Example: QFT on 2 qubits#

qft2 = QuantumCircuit(2)
qft2.h(1)
qft2.cp(np.pi/2, 0, 1)
qft2.barrier()
qft2.h(0)
qft2.swap(0, 1) # little endian ...
qft2.draw(output="mpl", style="iqp")

../_images/f75c83c52133fdf85dff989e02037946f9ce6533741c1adf4d4eb05cfe910b5c.png

np.allclose(Operator(qft2), F_4)

True

Example: QFT on 3 qubits#

qft3 = QuantumCircuit(3)
qft3.h(2)
qft3.cp(np.pi/2, 2, 1) 
qft3.cp(np.pi/4, 2, 0)
qft3.barrier()
qft3.h(1)
qft3.cp(np.pi/2, 1, 0)
qft3.barrier()
qft3.h(0)
qft3.swap(0, 2) # little endian ...
qft3.draw(output="mpl", style="iqp")

../_images/ad7c0a2f85dbb2b997ed9018039514035bb614657d728be72bed6fde843881c6.png

np.allclose(Operator(qft3), mk_F(8))

True

Arbitrary qubits#

You can use the recurrence relation to write the circuit for arbitrary quibits.
See https://qiskit.org/textbook/ch-algorithms/quantum-fourier-transform.html

def qft(circuit, n):
    def go(circuit, n):
        if n == 0:
            return circuit
        else:
            n -= 1
            # Apply H
            circuit.h(n)
            # Apply CR
            for qubit in range(n):
                circuit.cp(np.pi/2**(n-qubit), qubit, n)
            # Recurrence relation
            return go(circuit, n)
    circuit = go(circuit, n) 

    # Take care of little endian
    for qubit in range(n//2):
        circuit.swap(qubit, n-qubit-1)
    return circuit

qft3_ = QuantumCircuit(3)
qft3_ = qft(qft3_, 3)
qft3_.draw(output="mpl", style="iqp")

../_images/f87aa624f71e628649061421fd854093c788d05fcd85e9556c94dcc222709587.png

np.allclose(Operator(qft3), Operator(qft3_))

True

How many gates?#

Note that

\[ t + (t - 1) + \dots 1 = \frac{t(t - 1)}{2} \,. \]

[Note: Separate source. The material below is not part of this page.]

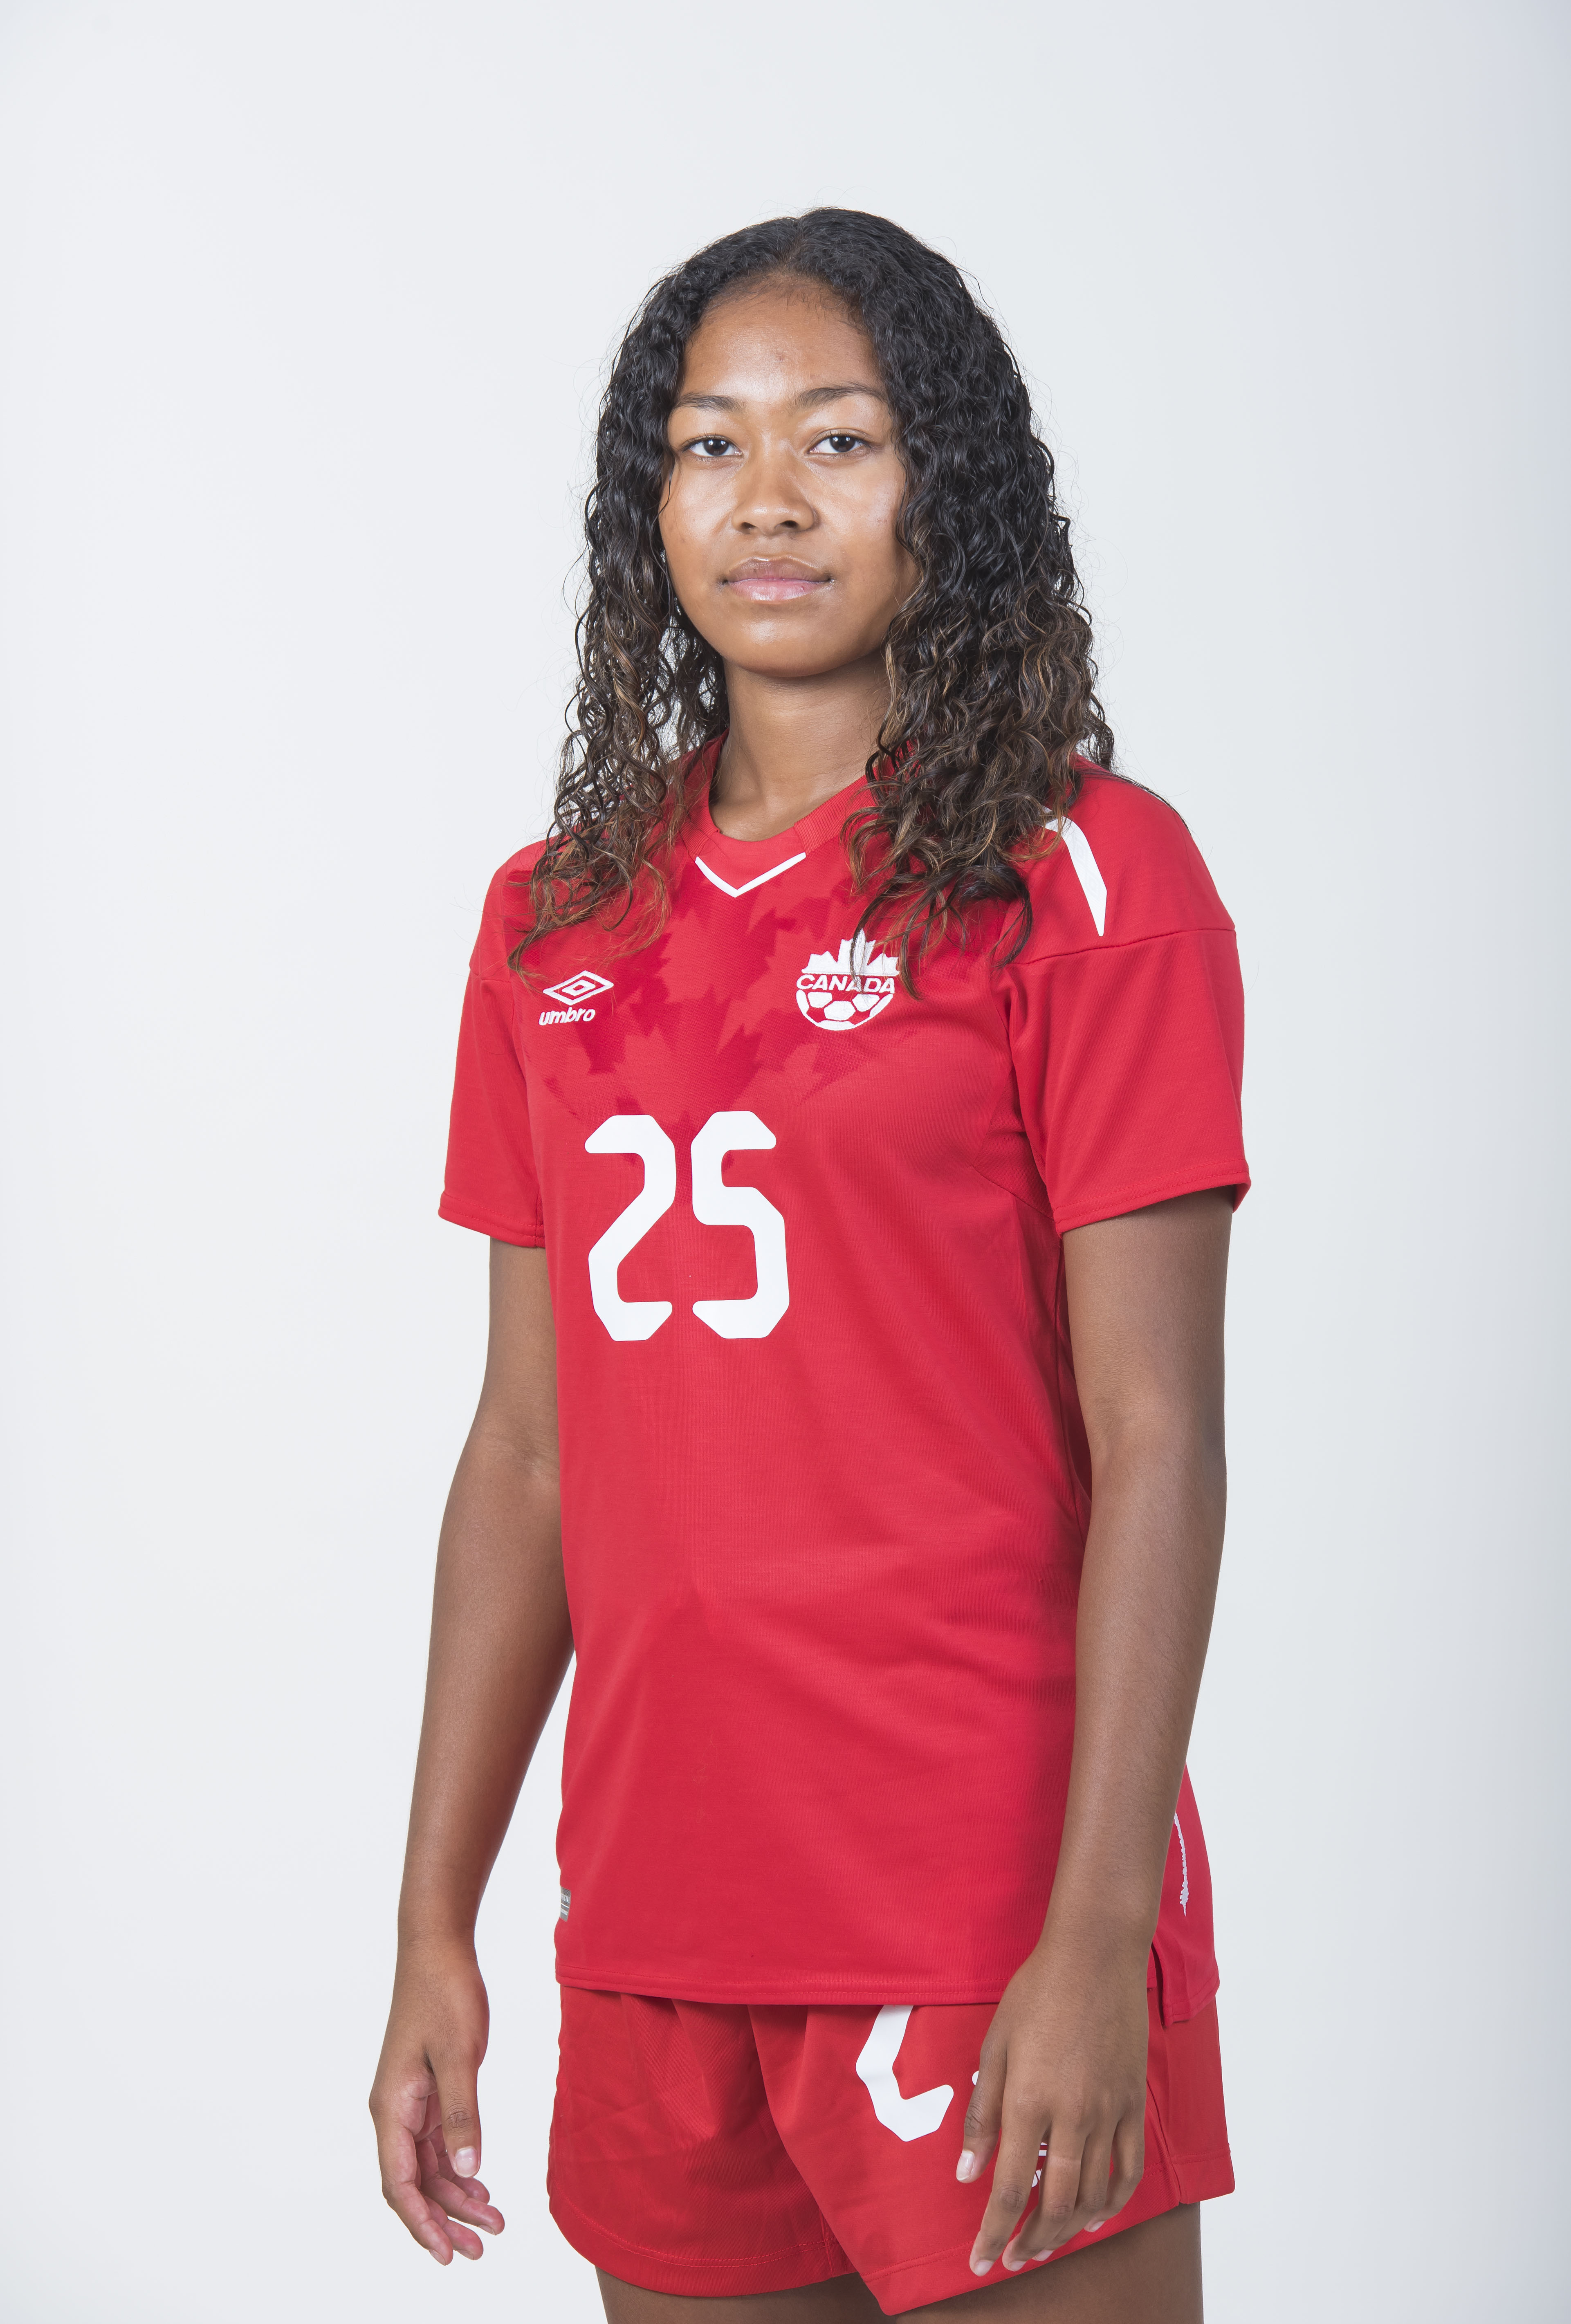 20180827_CANWNT_Riviere_byKingsman06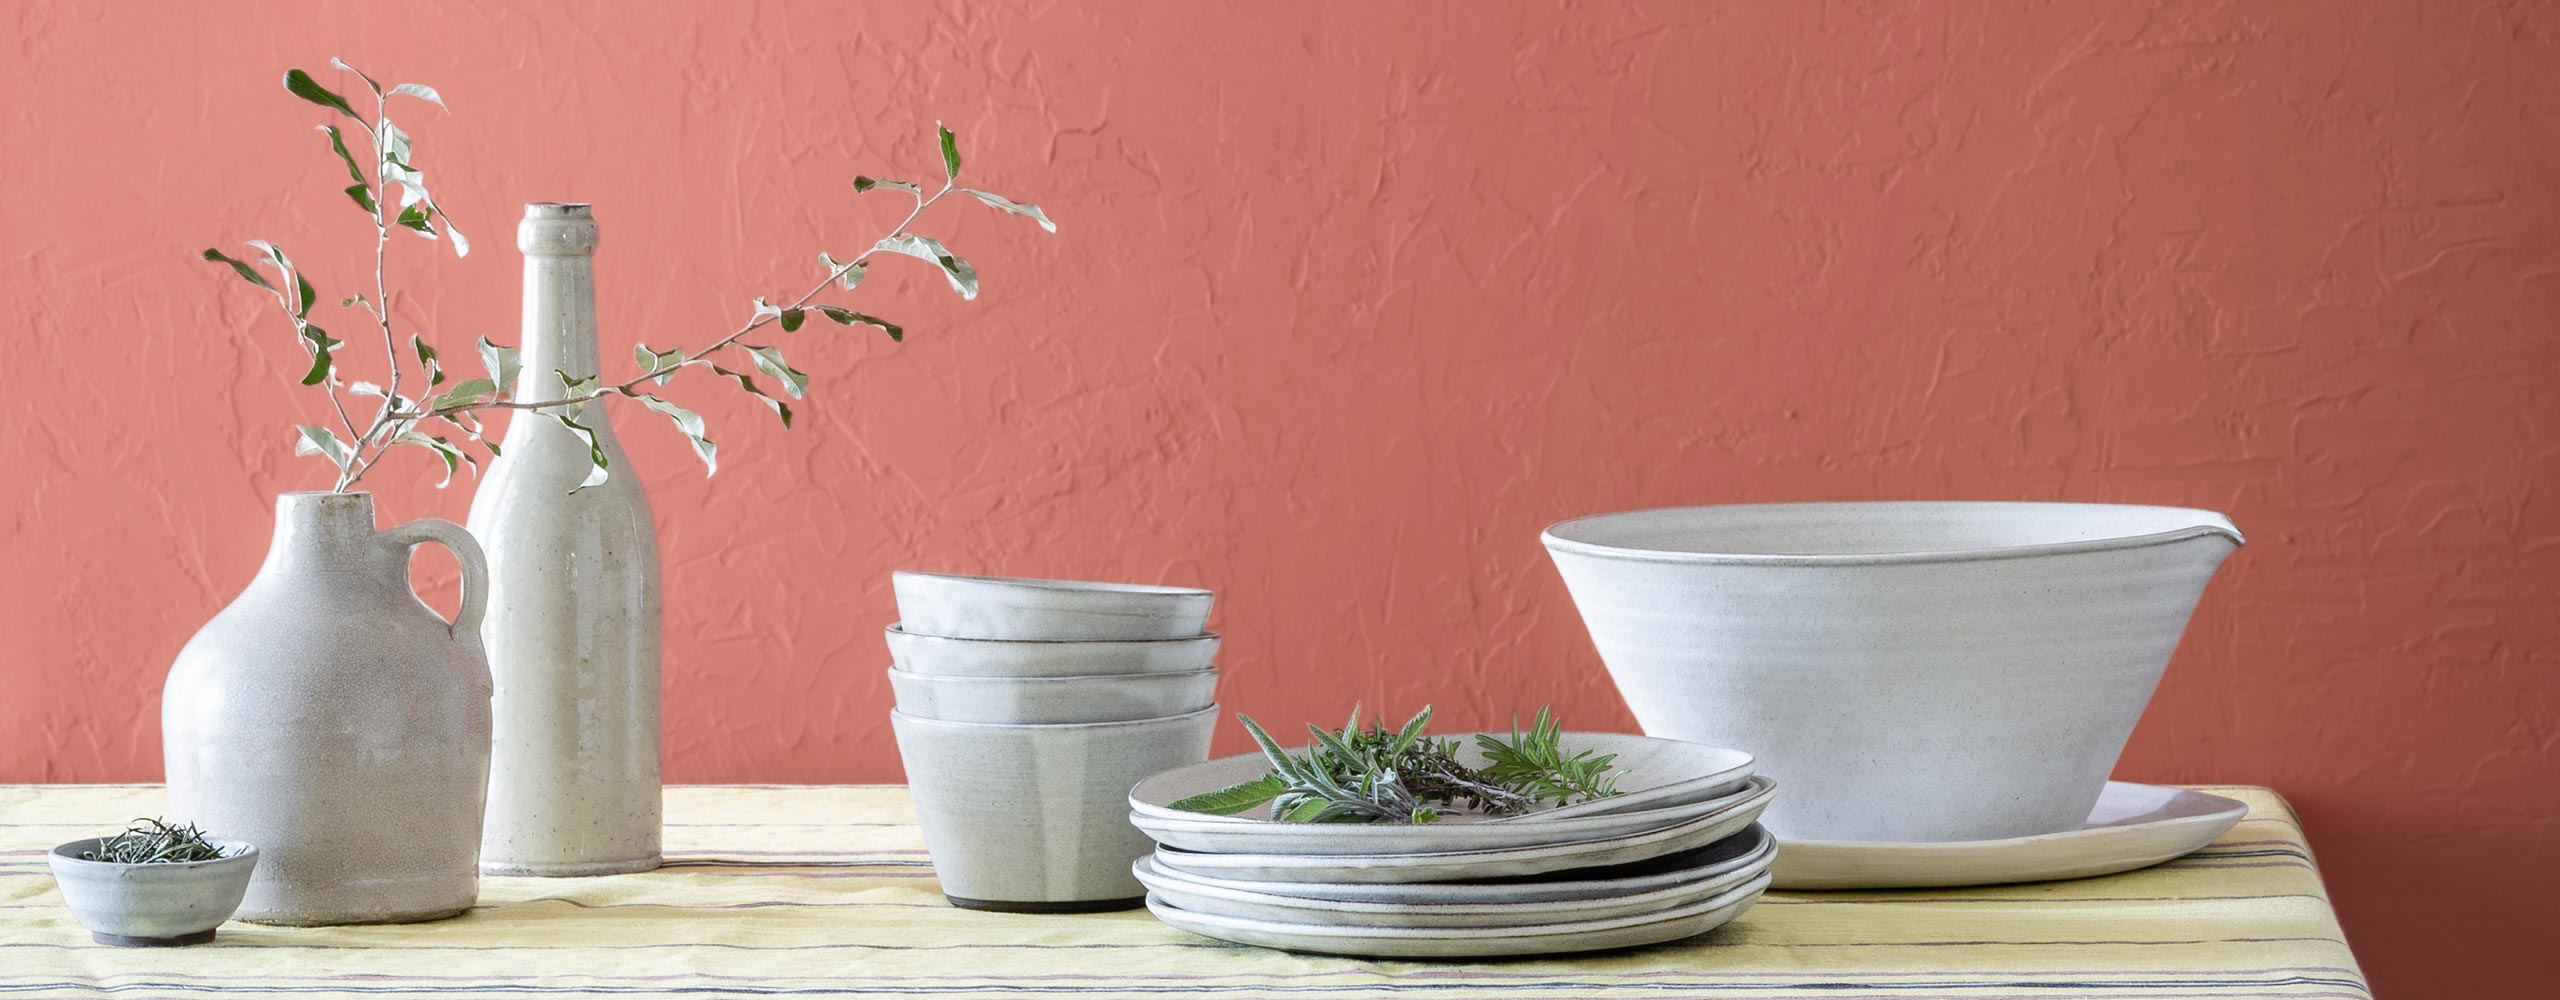 Decorative white vases and serving bowls on a table in front of a wall painted a soft red.

Thus we require \(O(t^2)\) gates.

Summary#

The QFT performs a change-of-basis that enables us to store information in the global phase.
Later, we will use the quantum phase estimation (QPE) algorithm to read this information out.